People who are vegans and vegetarians are also more likely to have beneficial gut bacteria, maintain a healthy body weight, and are more likely to maintain optimal heart health.
Which nutrients may be lacking in vegan diets?
1. Protein and amino acids
Those beans and tofu just might not cut it to fulfill all your protein needs. That’s because when it comes to protein, it’s not just about quantity (which is typically measured in grams); it’s also about quality. Protein is made of amino acids, commonly referred to as the building blocks of protein, and the amino acid profile of a given protein-containing food will vary.
When it comes to amino acids, some are considered essential, non-essential and conditionally essential. The essential amino acids cannot be made by the body, so we need to get these from food. If a protein-containing food does not contain all of the essential amino acids, it’s not considered to be a “complete” protein source. Vegan diet amino acid deficiencies are actually more common than protein deficiencies. Leucine, lysine, and sulfur-containing amino acids are the ones that vegans may be lacking.

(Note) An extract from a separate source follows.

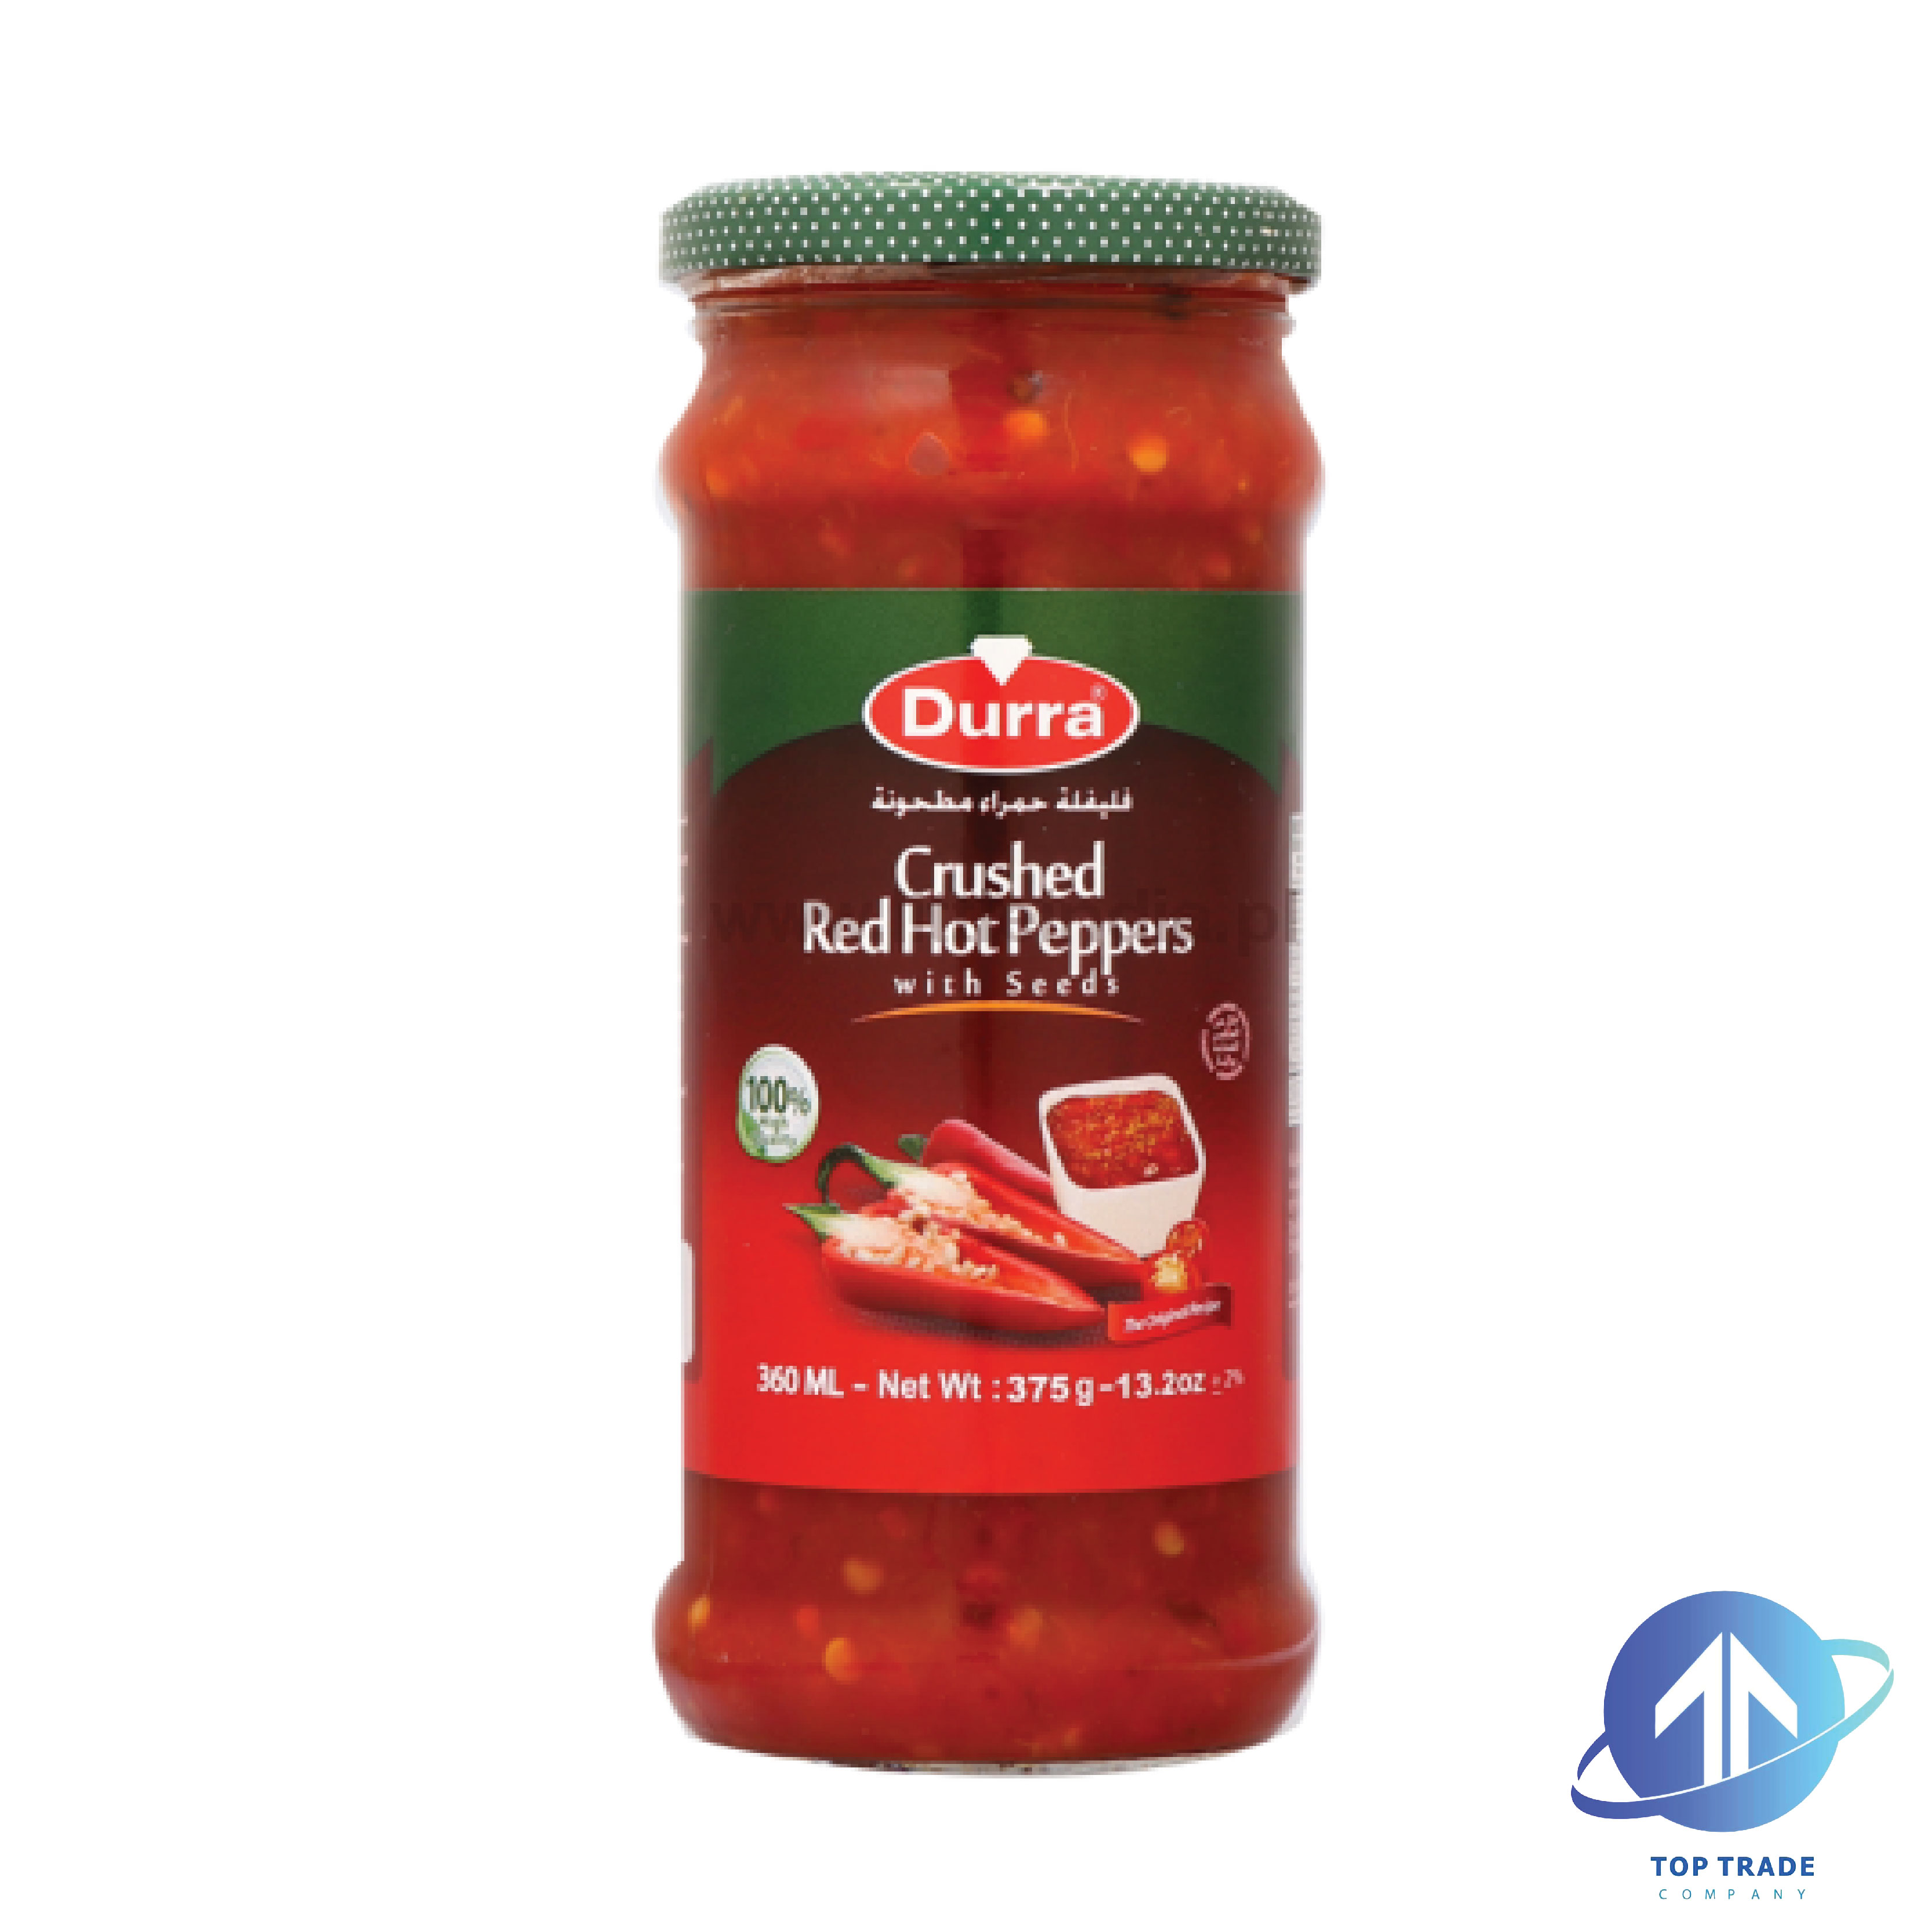 Durra Crushed red hot peppers 375gr

Vegans need to consume a variety of plant-based protein sources to compensate for these foods having less of an anabolic (muscle, growth, and protein building) effect compared to animal proteins due to lower digestibility/utilization and being incomplete sources of amino acids. Consider a plant-based protein powder made from peas and brown rice to help you meet your protein & amino acid requirements.
2. Vitamin B12
Vitamin B12, which is important for the nervous system and more, is found in a variety of foods of animal origin—but only trace amounts are found in plant foods. Some foods, such as cereal and nutritional yeast, are fortified with vitamin B12.
However, eating these fortified foods alone is not enough to meet our B12 needs. Therefore, supplementation of this B vitamin is necessary if following a vegan diet. I always recommend choosing the methylated form: methylcobalamin.
3. Calcium
Although we often think of dairy products when we think of calcium, vegetables and legumes are also sources of this important mineral. Make sure to include broccoli, soybeans, spinach and other leafy greens into your repertoire.
4. Vitamin D
Although our skin can produce vitamin D from sunlight, regardless of your dietary choices, there are some limitations to this such as one’s age, skin color, geographic location and lifestyle habits (indoors, much?).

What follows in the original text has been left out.